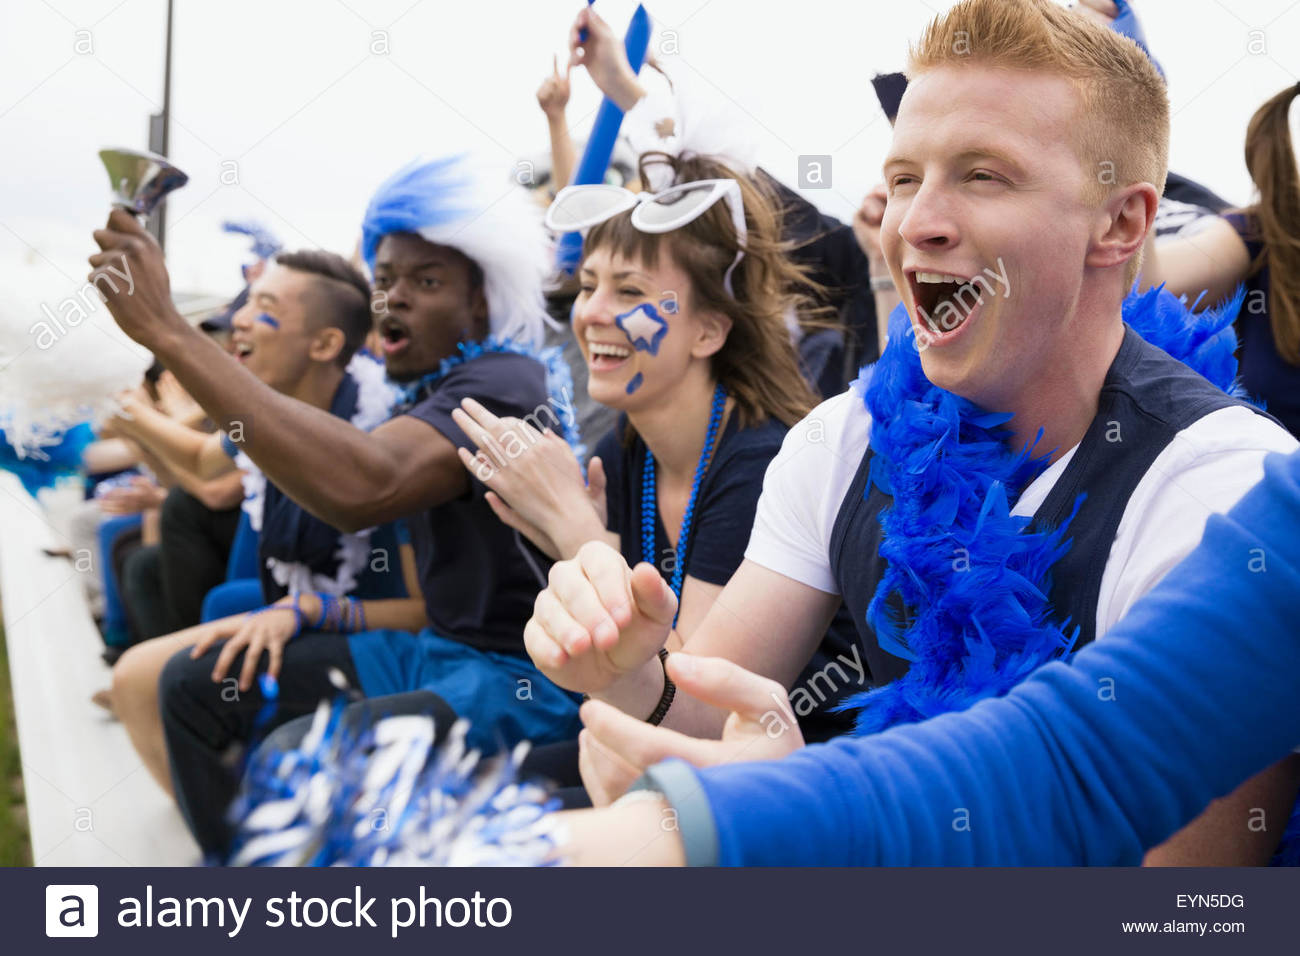 Entusiastas fans en azul vítores gradas evento deportivo Foto de stock
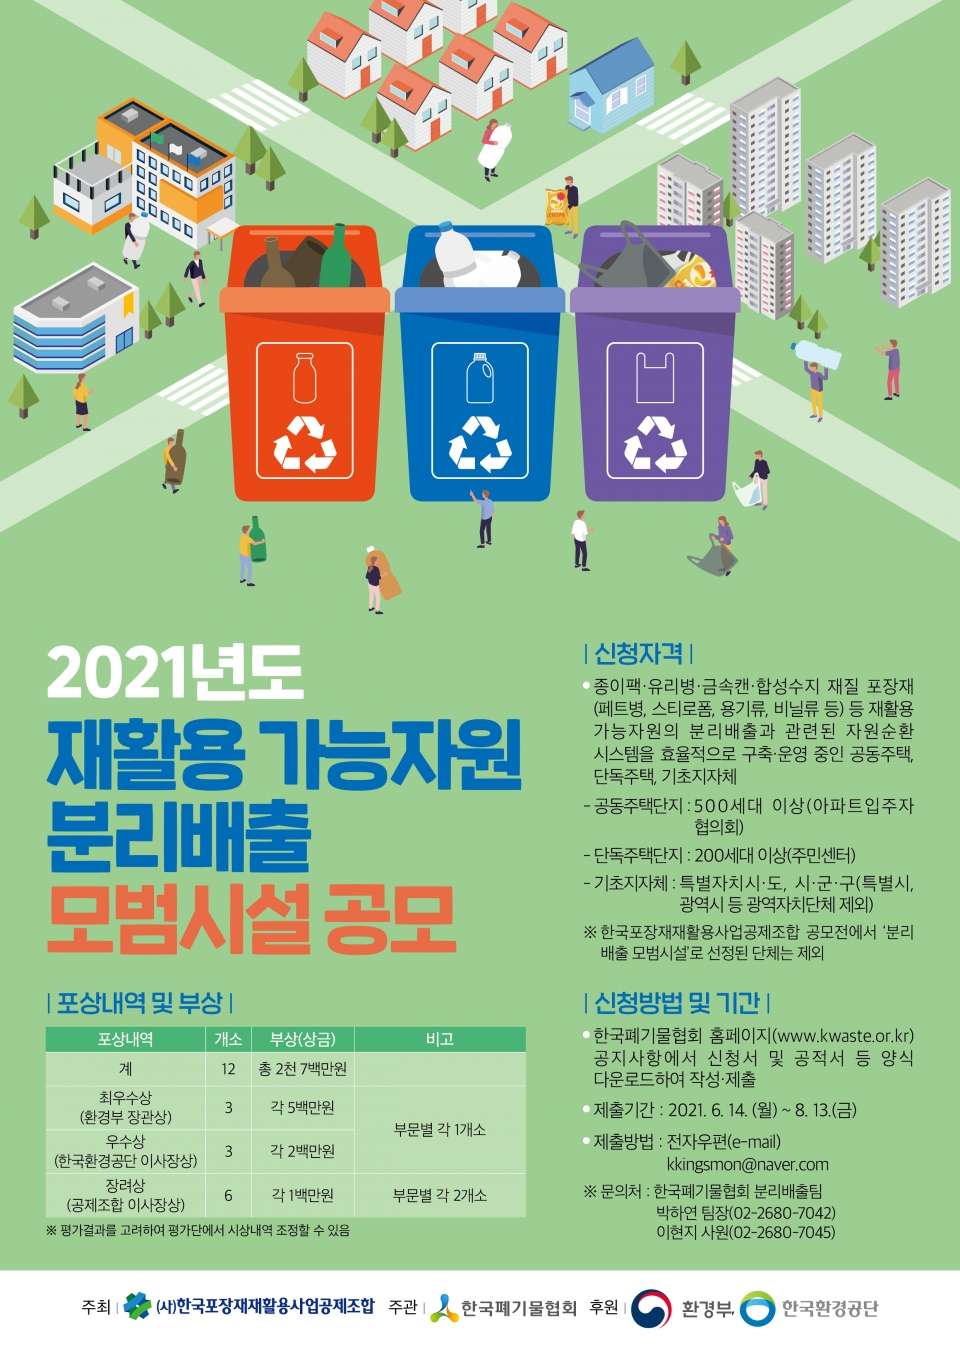 한국포장재재활용사업공제조합이 오는 8월 13일까지 2021년도 재활용 가능자원 분리배출 모범시설 공모전을 개최한다. (한국포장재재활용사업공제조합 제공)/그린포스트코리아
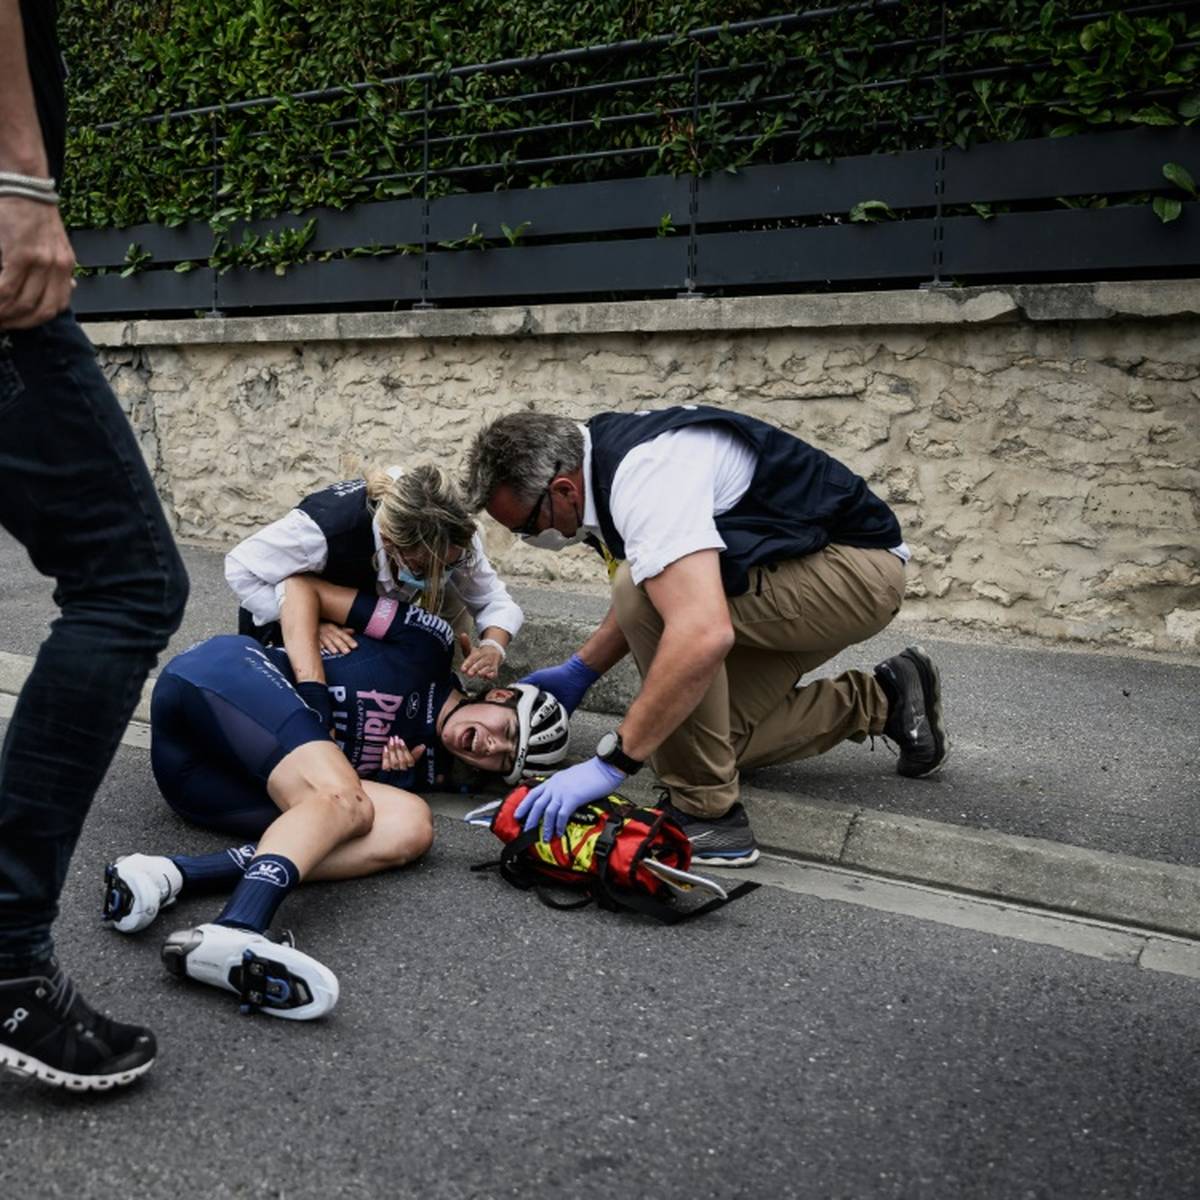 Laura Süßemilch musste die Tour de France schwerverletzt aufgeben. Nun äußert sich die 25-Jährige erstmals zu den harten Tagen nach ihrem Horrorsturz.

_Task objective_. Print the full listing above again with exact wording and no images.

_Task output_.
 Entusiastas fans en azul vítores gradas evento deportivo Foto de stock
 한국포장재재활용사업공제조합이 오는 8월 13일까지 2021년도 재활용 가능자원 분리배출 모범시설 공모전을 개최한다. (한국포장재재활용사업공제조합 제공)/그린포스트코리아
 Laura Süßemilch musste die Tour de France schwerverletzt aufgeben. Nun äußert sich die 25-Jährige erstmals zu den harten Tagen nach ihrem Horrorsturz.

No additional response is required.